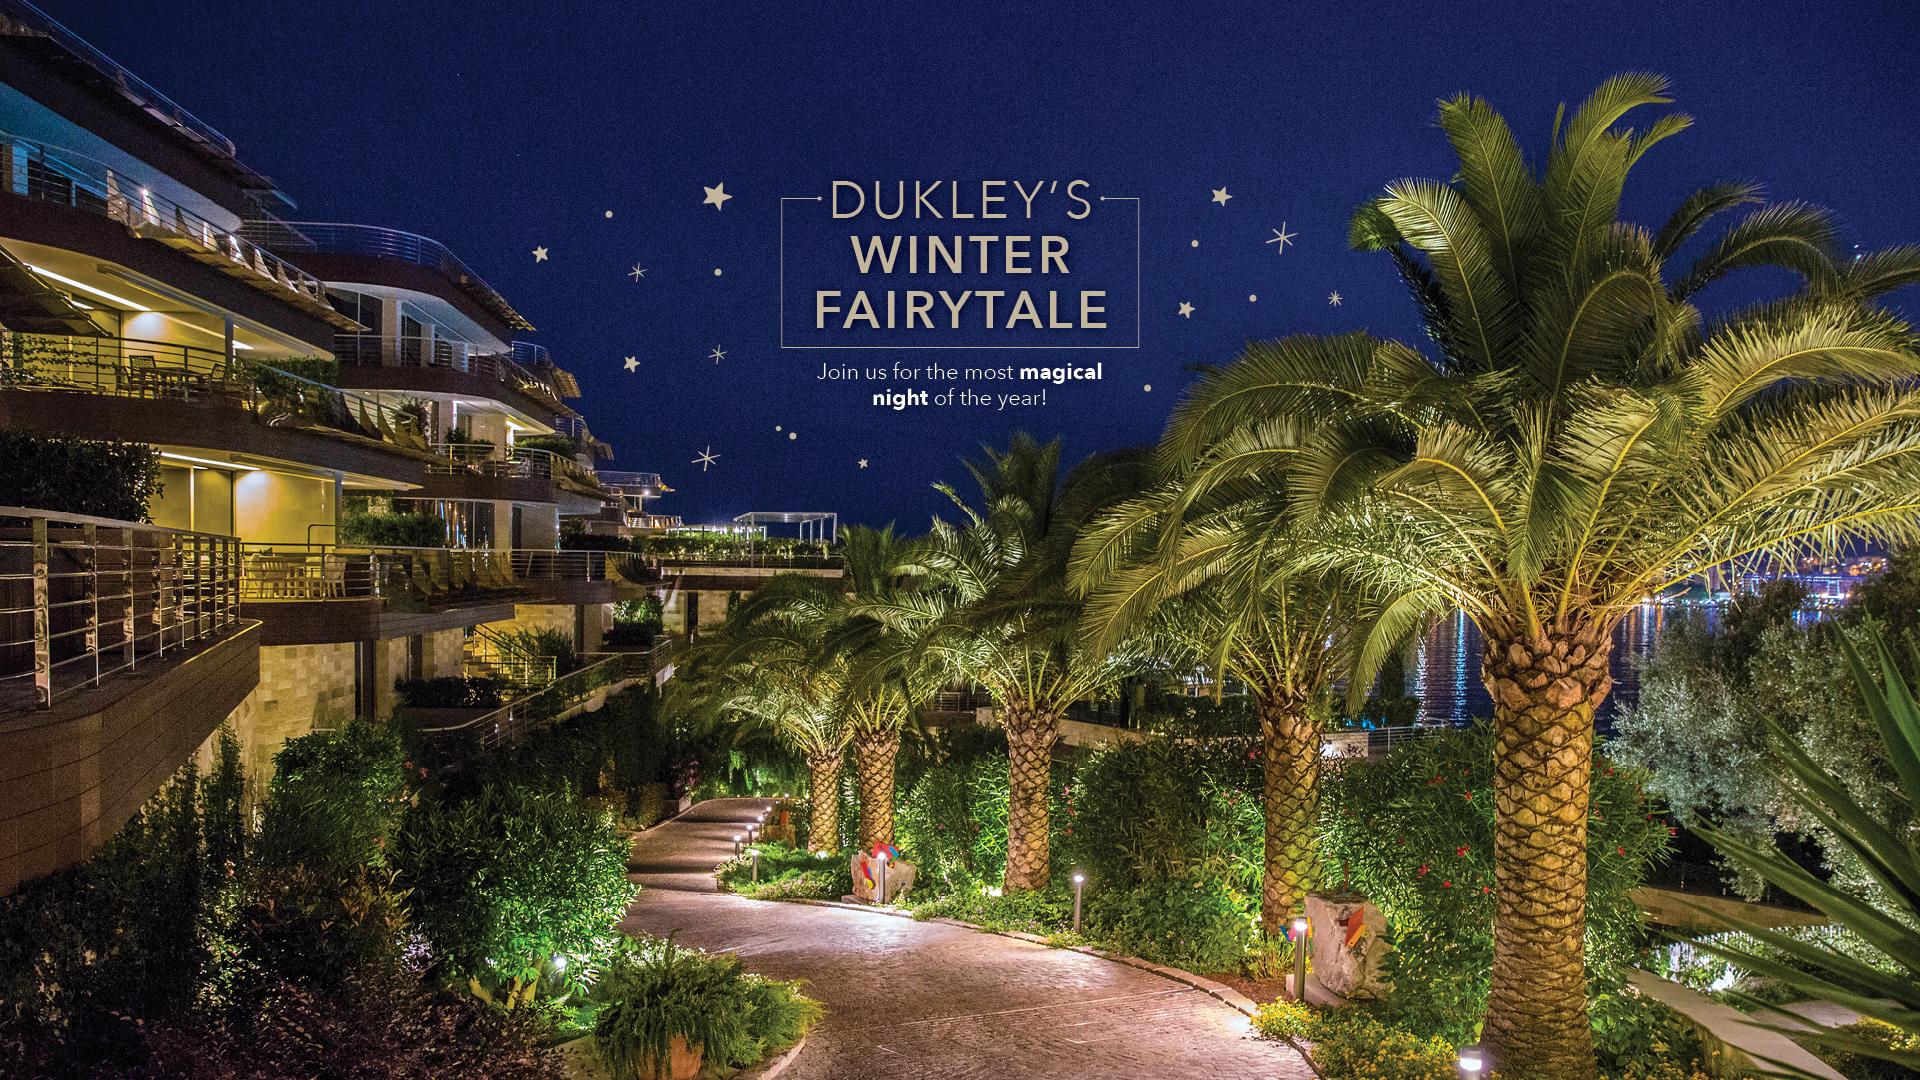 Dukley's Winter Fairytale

--

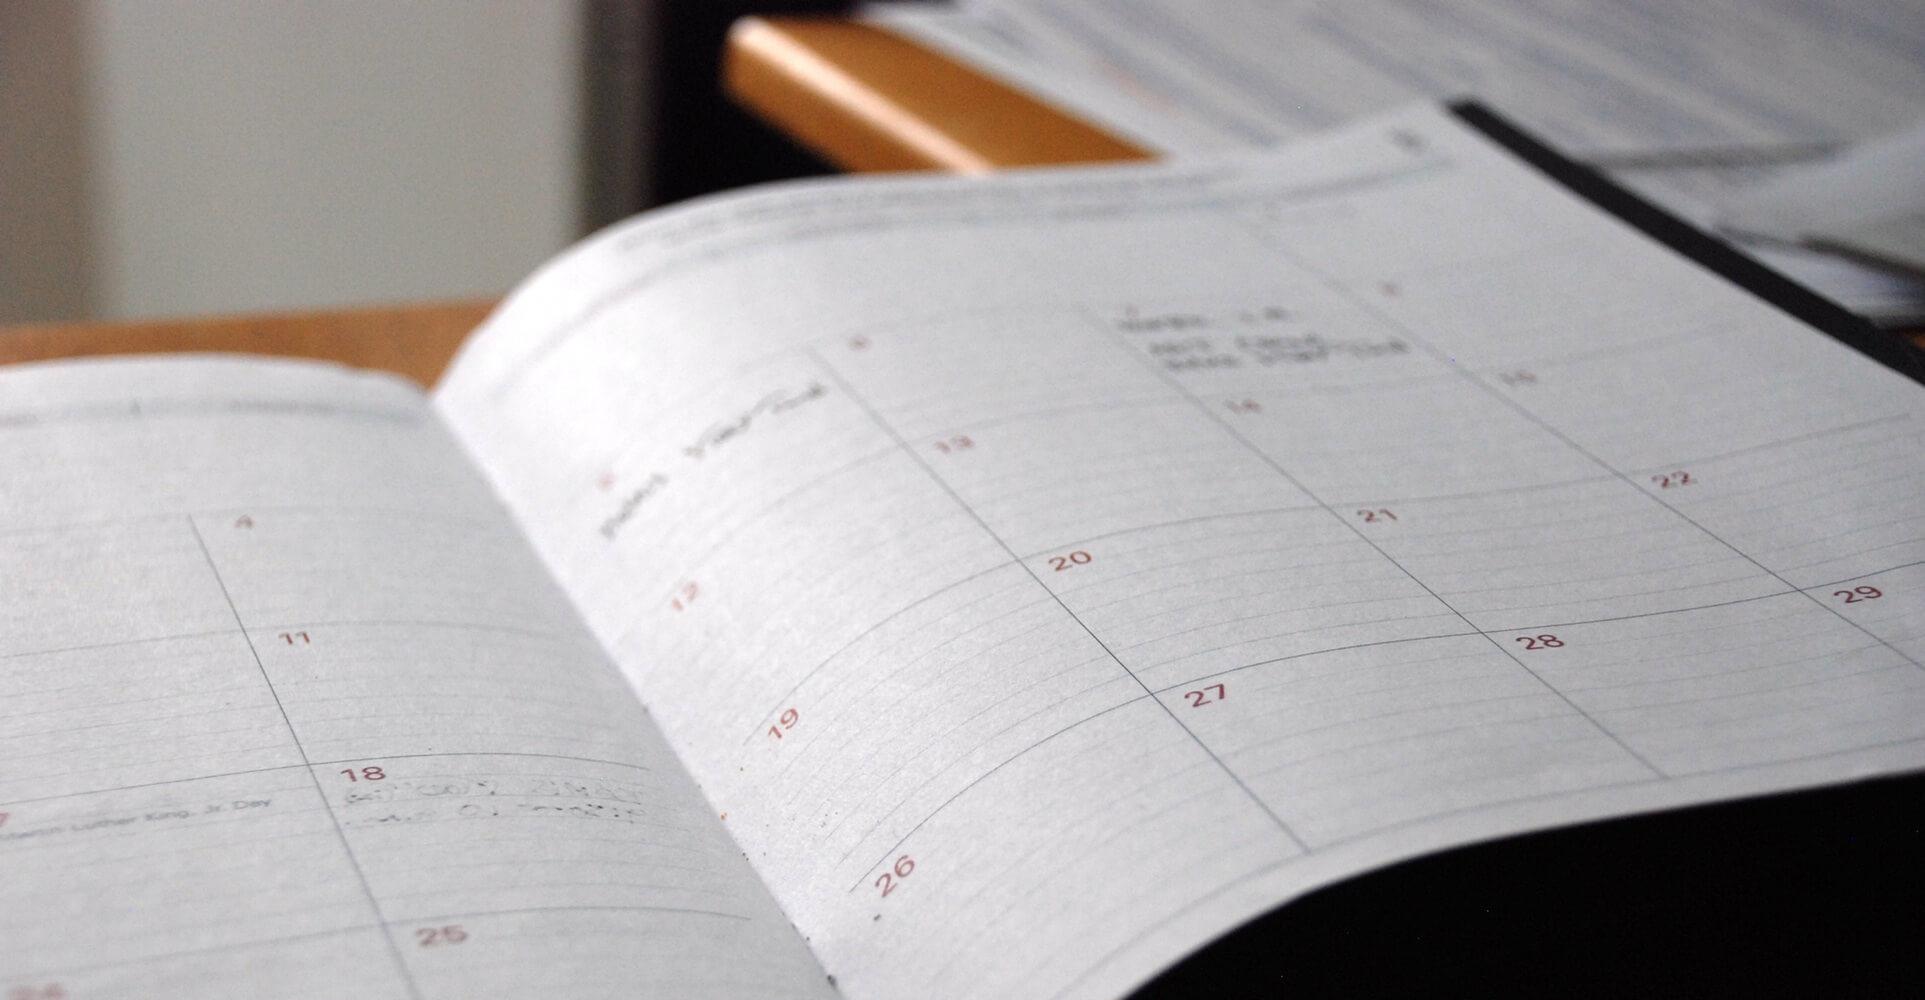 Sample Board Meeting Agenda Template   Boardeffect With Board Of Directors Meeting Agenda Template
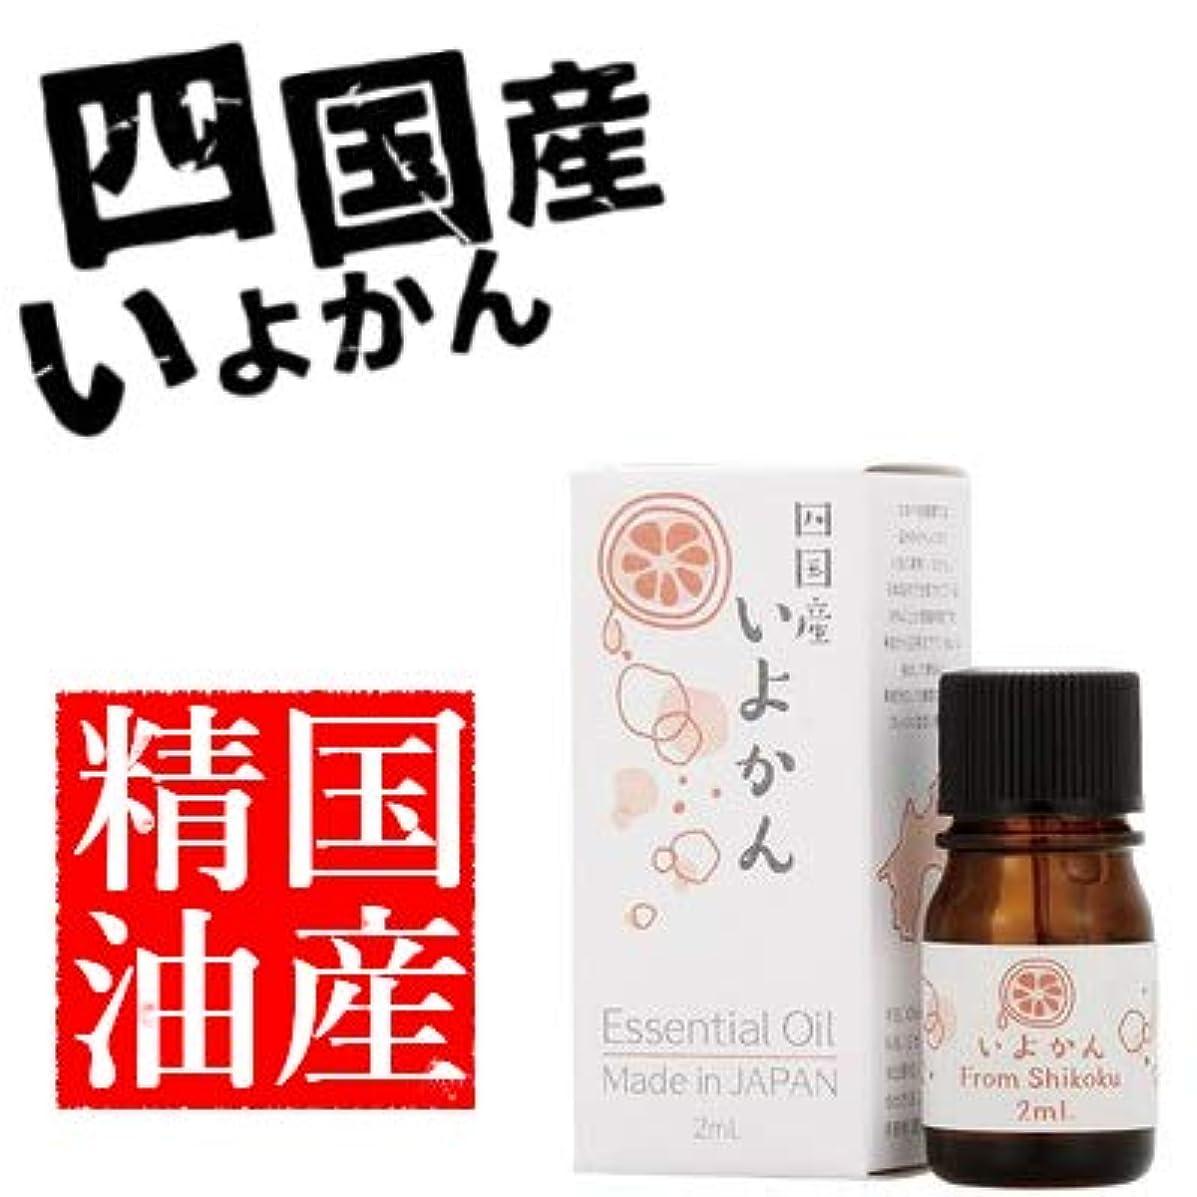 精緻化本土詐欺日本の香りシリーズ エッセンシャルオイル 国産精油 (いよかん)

...

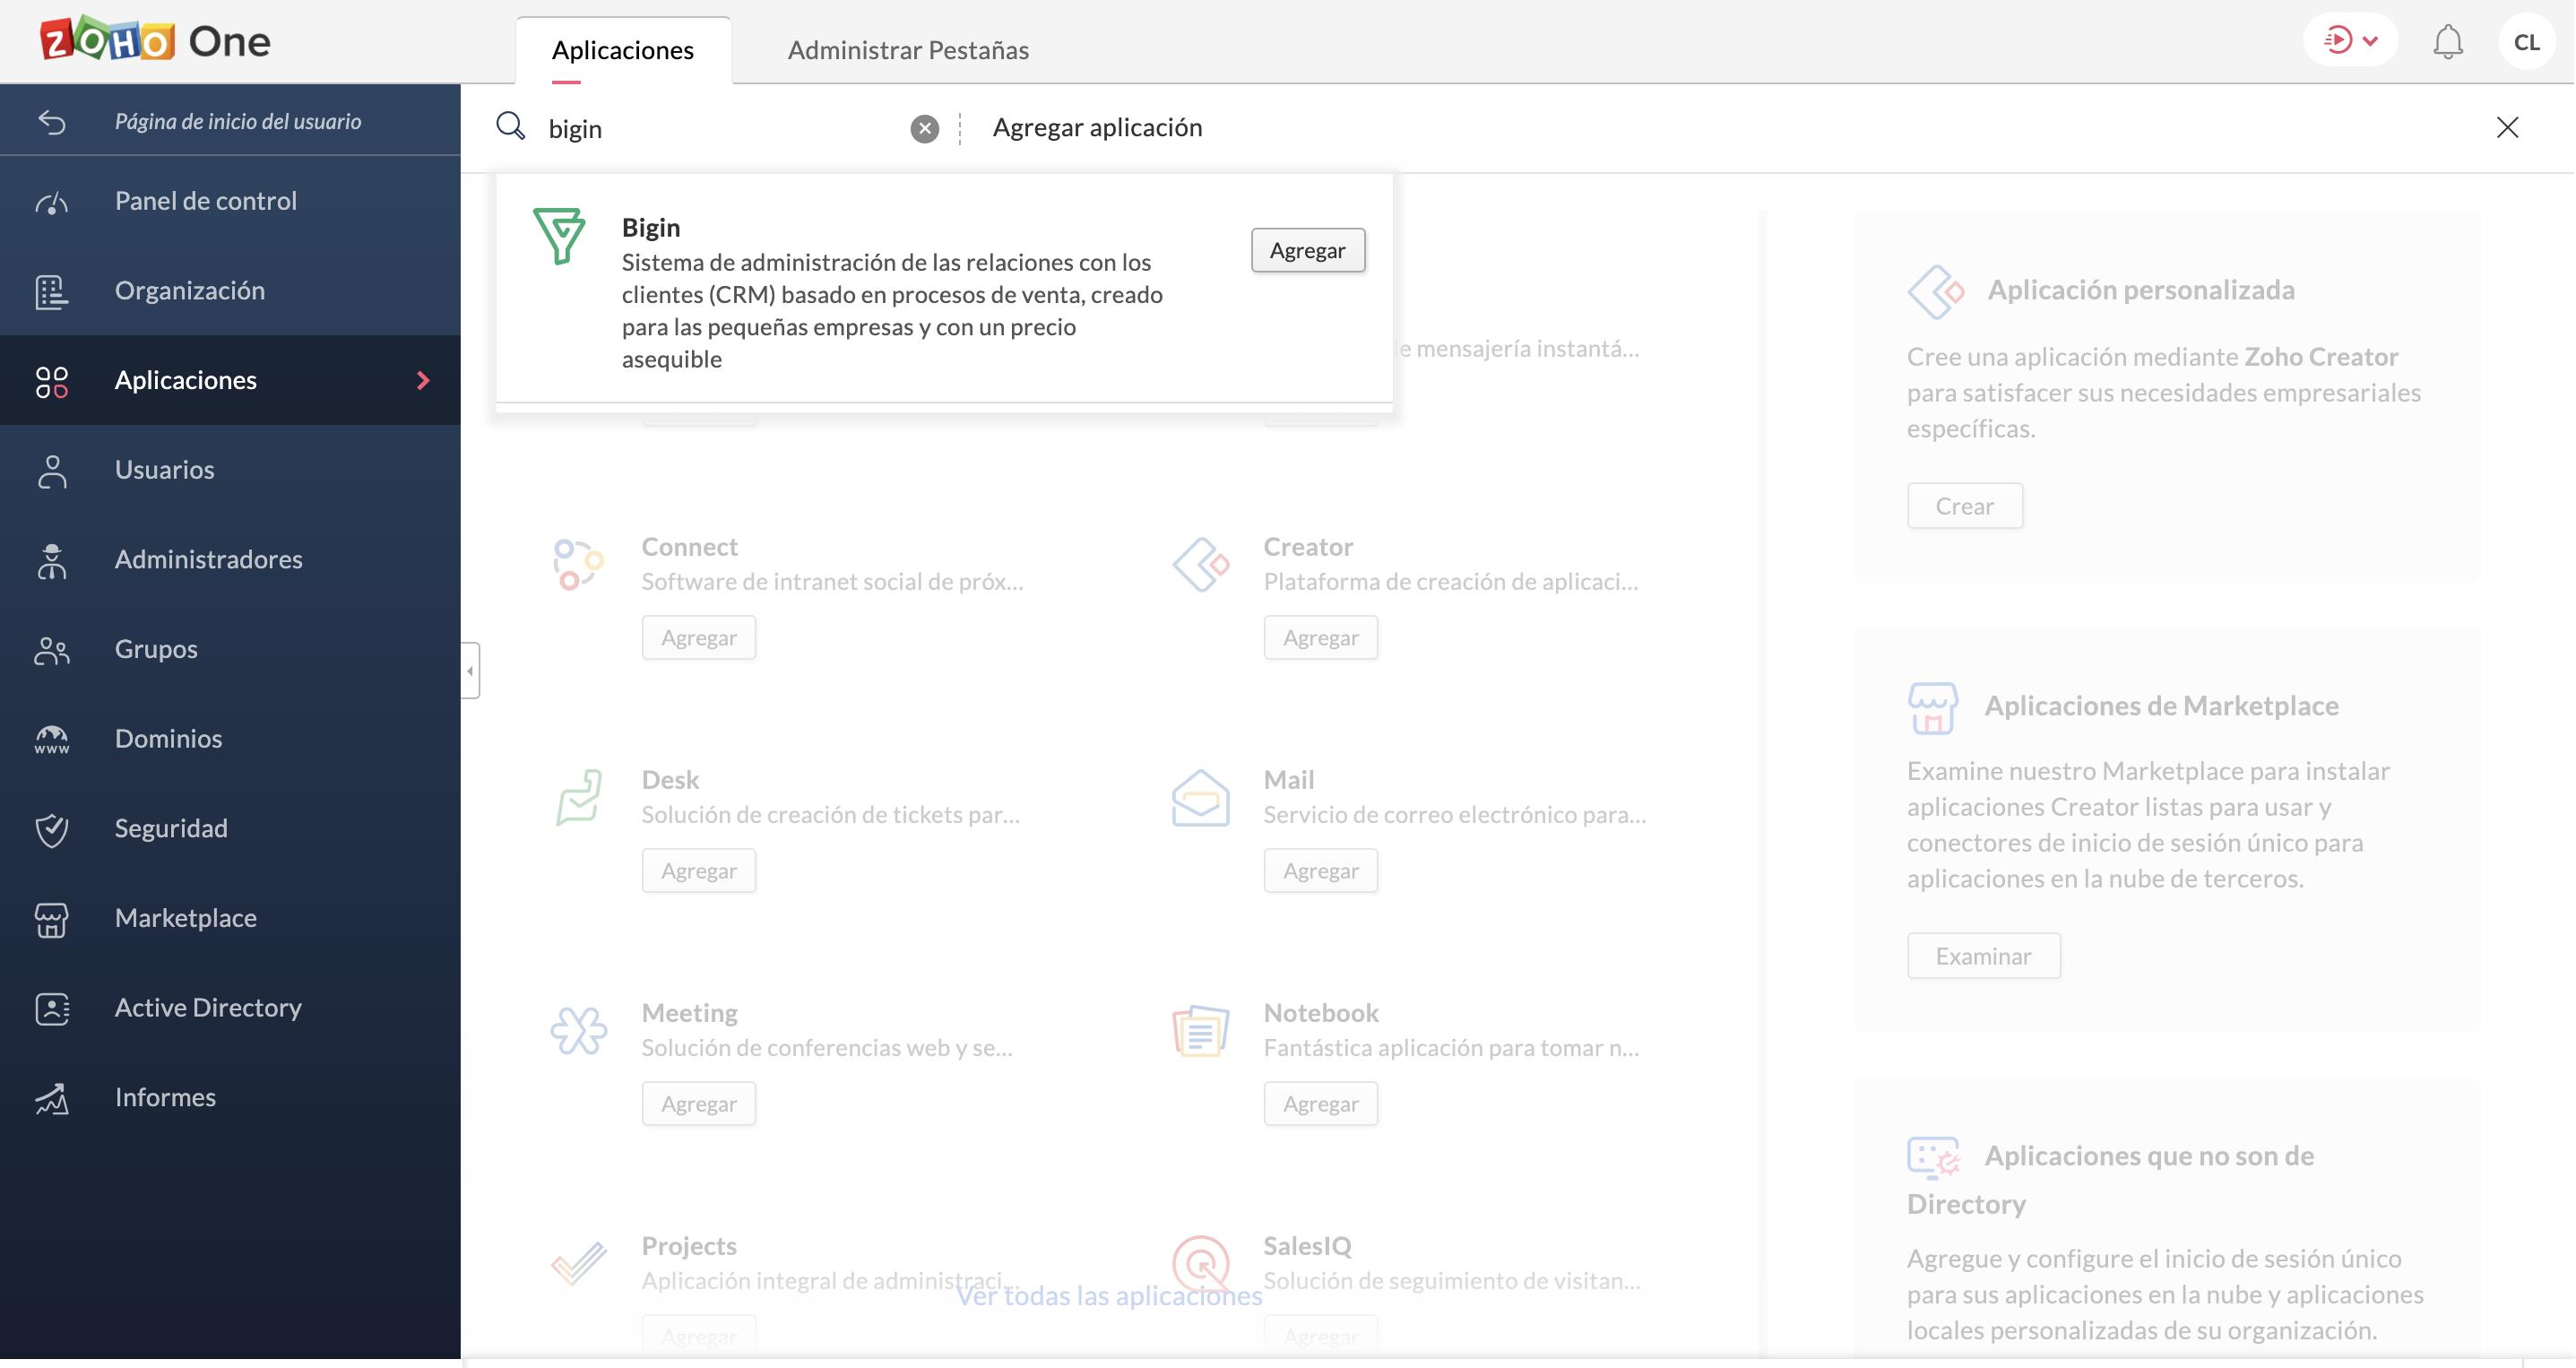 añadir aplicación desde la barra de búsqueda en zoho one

_EXERCISE GOAL_:
For this exercise, reproduce exactly the lines of the records above from the one with "Sample Board Meeting" up to and including the one with "精緻化本土詐欺日本の香りシリーズ エッセンシャルオイル 国産精油 (いよかん)", without pictures.

_WRITTEN ANSWER_:
 Sample Board Meeting Agenda Template   Boardeffect With Board Of Directors Meeting Agenda Template
 精緻化本土詐欺日本の香りシリーズ エッセンシャルオイル 国産精油 (いよかん)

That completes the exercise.